Guide pratique
Souffrances endurées après accident : comment les comprendre ?
Les souffrances endurées correspondent aux douleurs physiques et psychologiques subies entre l’accident et la consolidation.
Les souffrances endurées sont un poste de préjudice souvent mentionné dans les rapports d’expertise médicale après un accident corporel.
Ce poste vise les douleurs physiques et les souffrances psychologiques subies par la victime entre l’accident et la consolidation de son état de santé.

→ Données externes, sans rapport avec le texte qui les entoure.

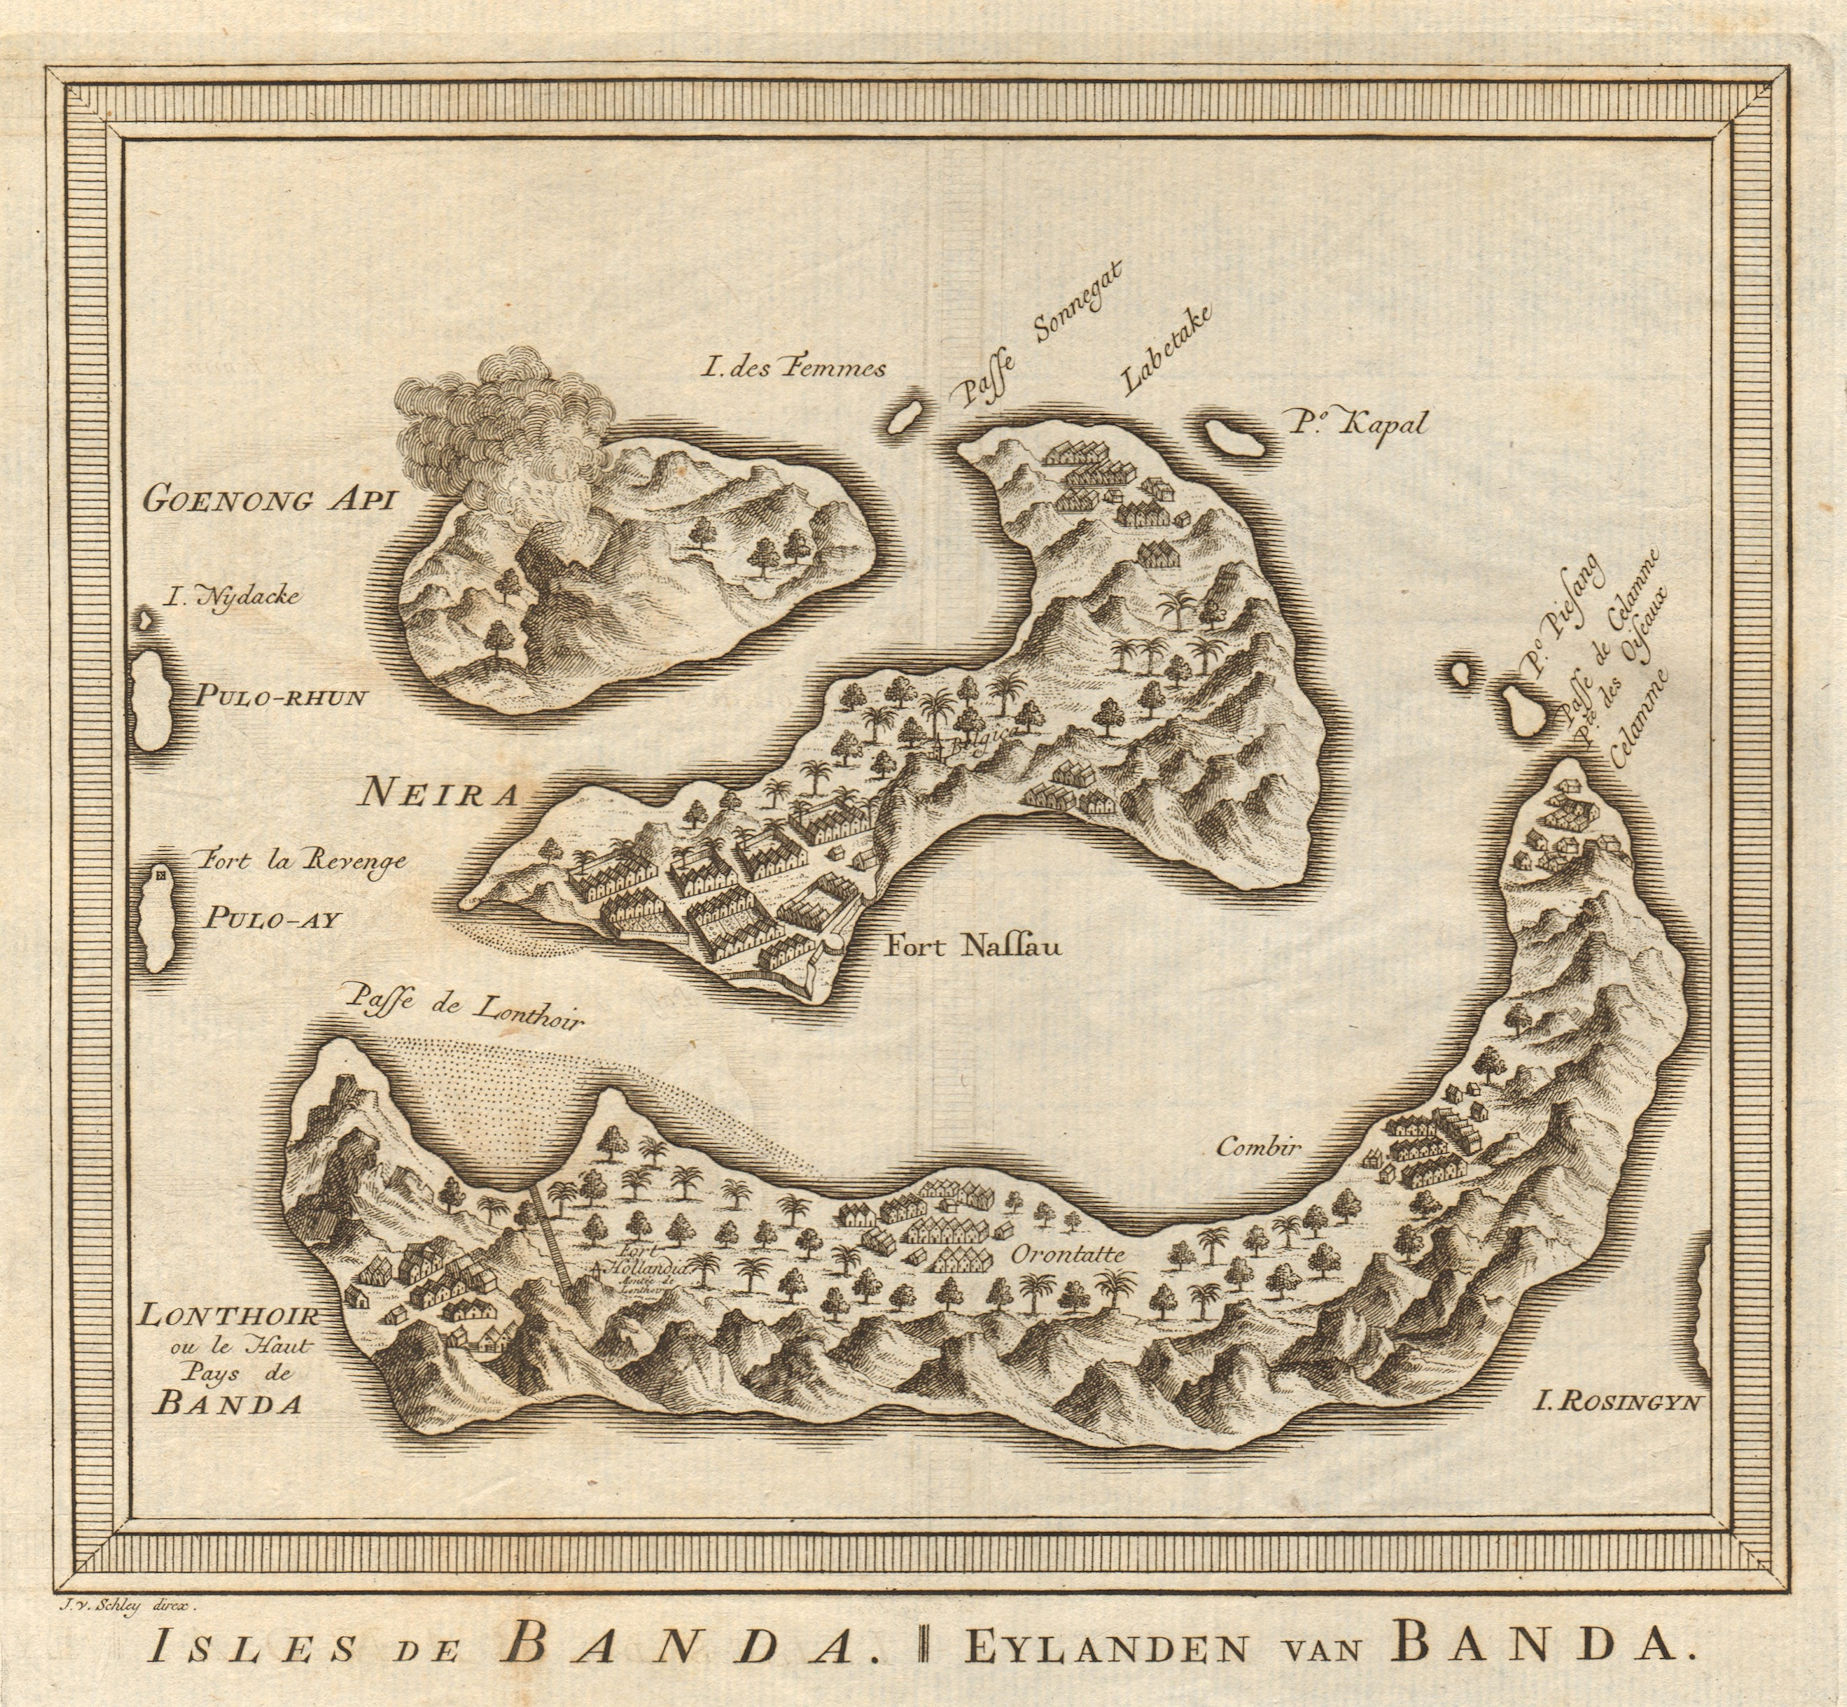 'Isles de Banda' islands Molucca Maluku Naira Fort Nassau BELLIN/SCHLEY 1755 map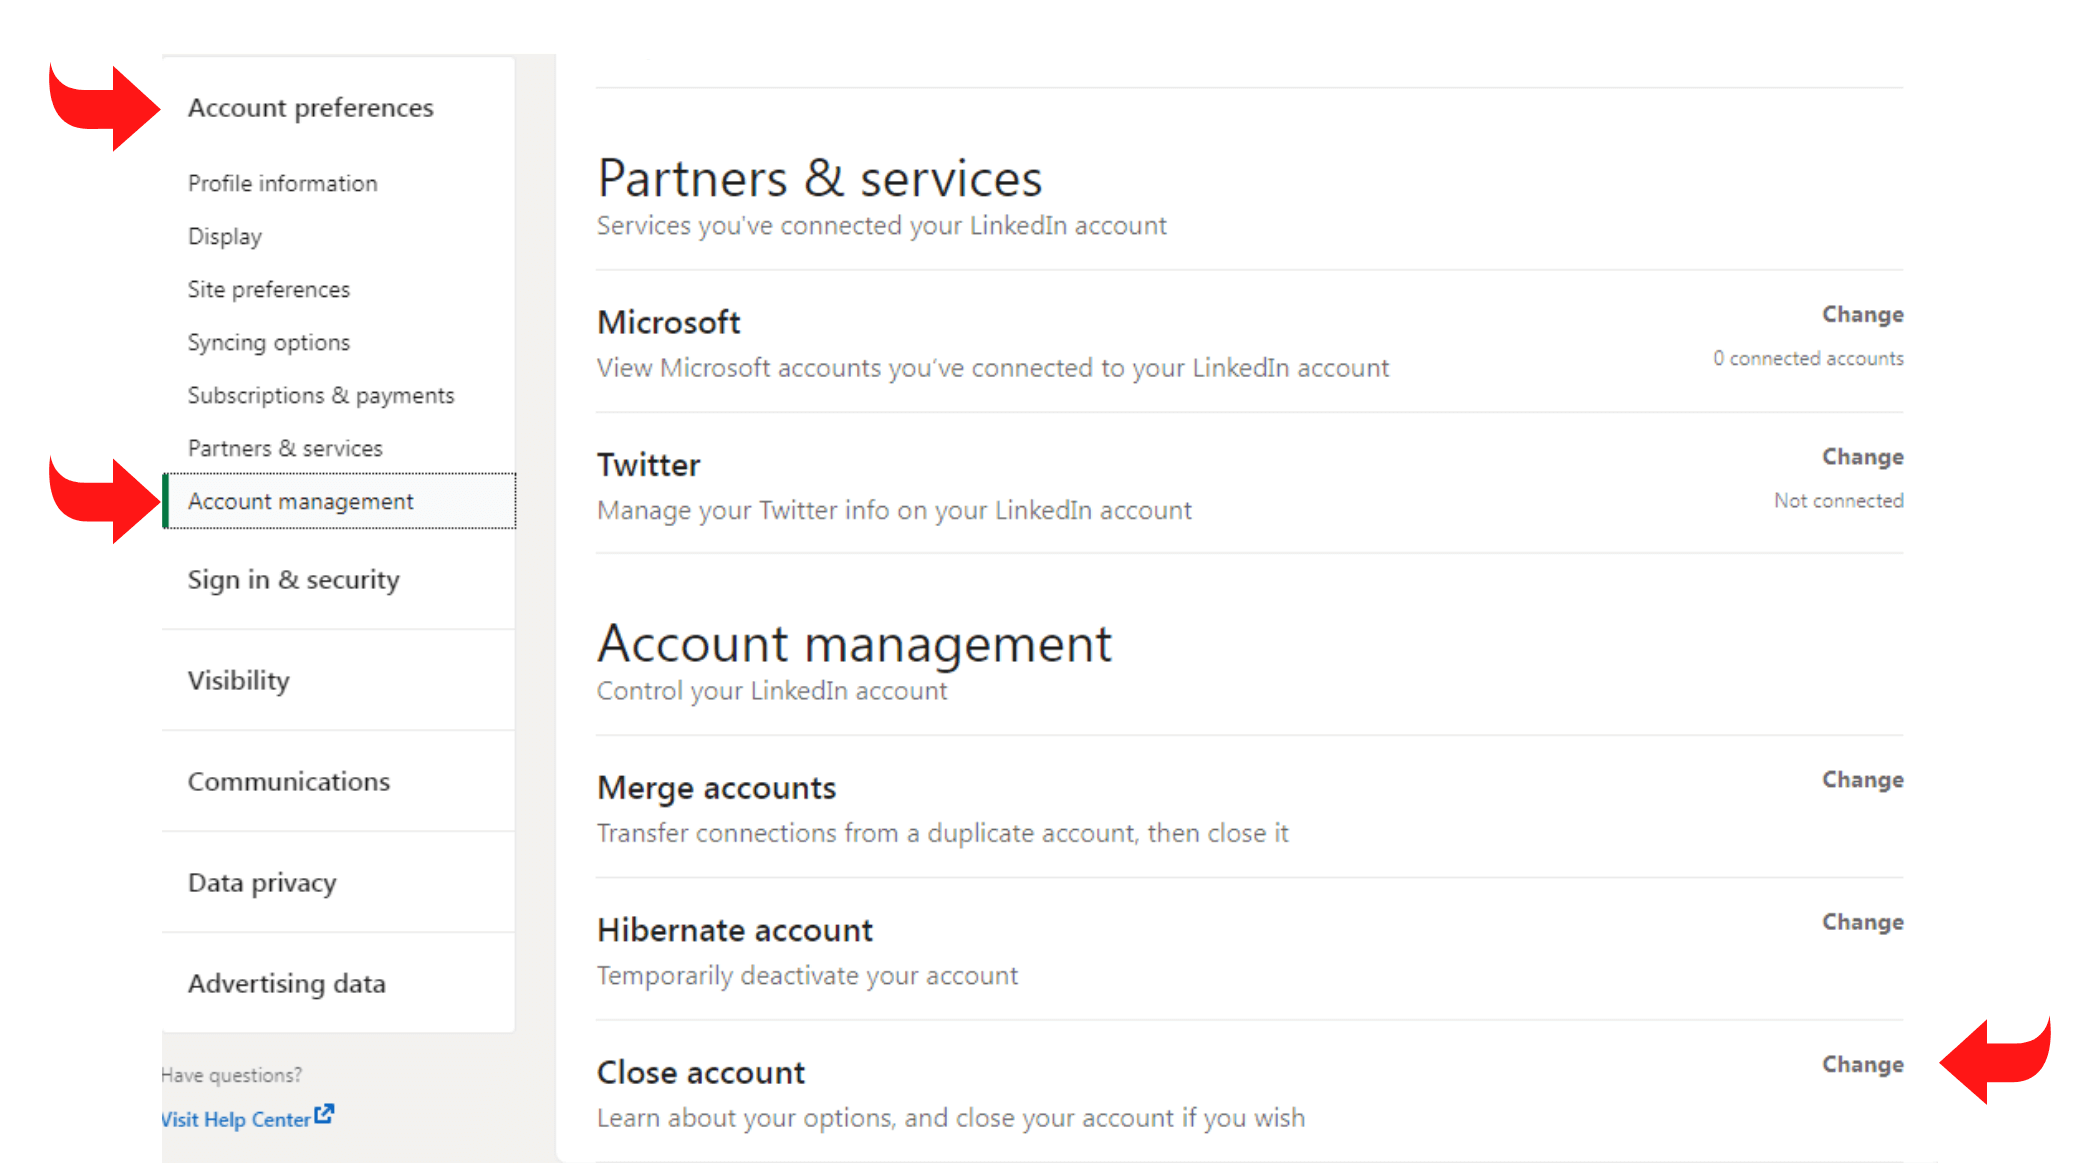 account-management-close-account

Pour une victime, cette notion peut être difficile à comprendre. Elle ne correspond pas seulement à la douleur ressentie le jour de l’accident. Elle peut aussi tenir compte des soins, des opérations, de la rééducation, des douleurs prolongées, de l’angoisse ou du retentissement psychologique pendant la période précédant la consolidation.
Cette fiche explique simplement ce que recouvrent les souffrances endurées, comment elles sont évaluées et quels points vérifier dans un rapport d’expertise ou une offre d’indemnisation.
Que signifient les souffrances endurées ?
Les souffrances endurées correspondent aux douleurs et souffrances subies par la victime avant la consolidation.
La consolidation est le moment où l’état de santé est considéré comme stabilisé. Cela ne signifie pas nécessairement que la victime est guérie. Des douleurs ou séquelles peuvent persister après cette date, mais l’évolution médicale est considérée comme suffisamment stable pour évaluer les préjudices permanents.
Les souffrances endurées concernent donc la période comprise entre l’accident et la consolidation.
Elles peuvent notamment prendre en compte :
- les douleurs initiales ;
- les blessures subies ;
- les soins médicaux ;
- les hospitalisations ;
- les opérations chirurgicales ;
- la rééducation ;
- les examens médicaux douloureux ou répétés ;
- les douleurs prolongées ;
- l’angoisse liée à l’accident ;
- les troubles psychologiques pendant la période de soins.
Ce poste s’inscrit dans la nomenclature Dintilhac, qui permet de classer les différents postes de préjudice après un dommage corporel.
Quelle différence avec le déficit fonctionnel temporaire ?
Les souffrances endurées ne doivent pas être confondues avec le déficit fonctionnel temporaire.
Le déficit fonctionnel temporaire vise la gêne dans la vie quotidienne avant consolidation : difficultés à se déplacer, perte d’autonomie temporaire, limitation des activités habituelles, fatigue ou impossibilité de vivre normalement pendant la période de soins.
Les souffrances endurées visent davantage les douleurs et souffrances ressenties pendant cette période.
Les deux postes sont donc liés, mais ils n’indemnisent pas exactement la même chose.
Par exemple :
- une victime hospitalisée peut subir une gêne importante dans sa vie quotidienne ;
- elle peut aussi subir des douleurs physiques importantes ;
- elle peut avoir peur de l’évolution de son état de santé ;
- elle peut vivre difficilement les soins, les opérations ou la rééducation.
Ces éléments peuvent être analysés séparément.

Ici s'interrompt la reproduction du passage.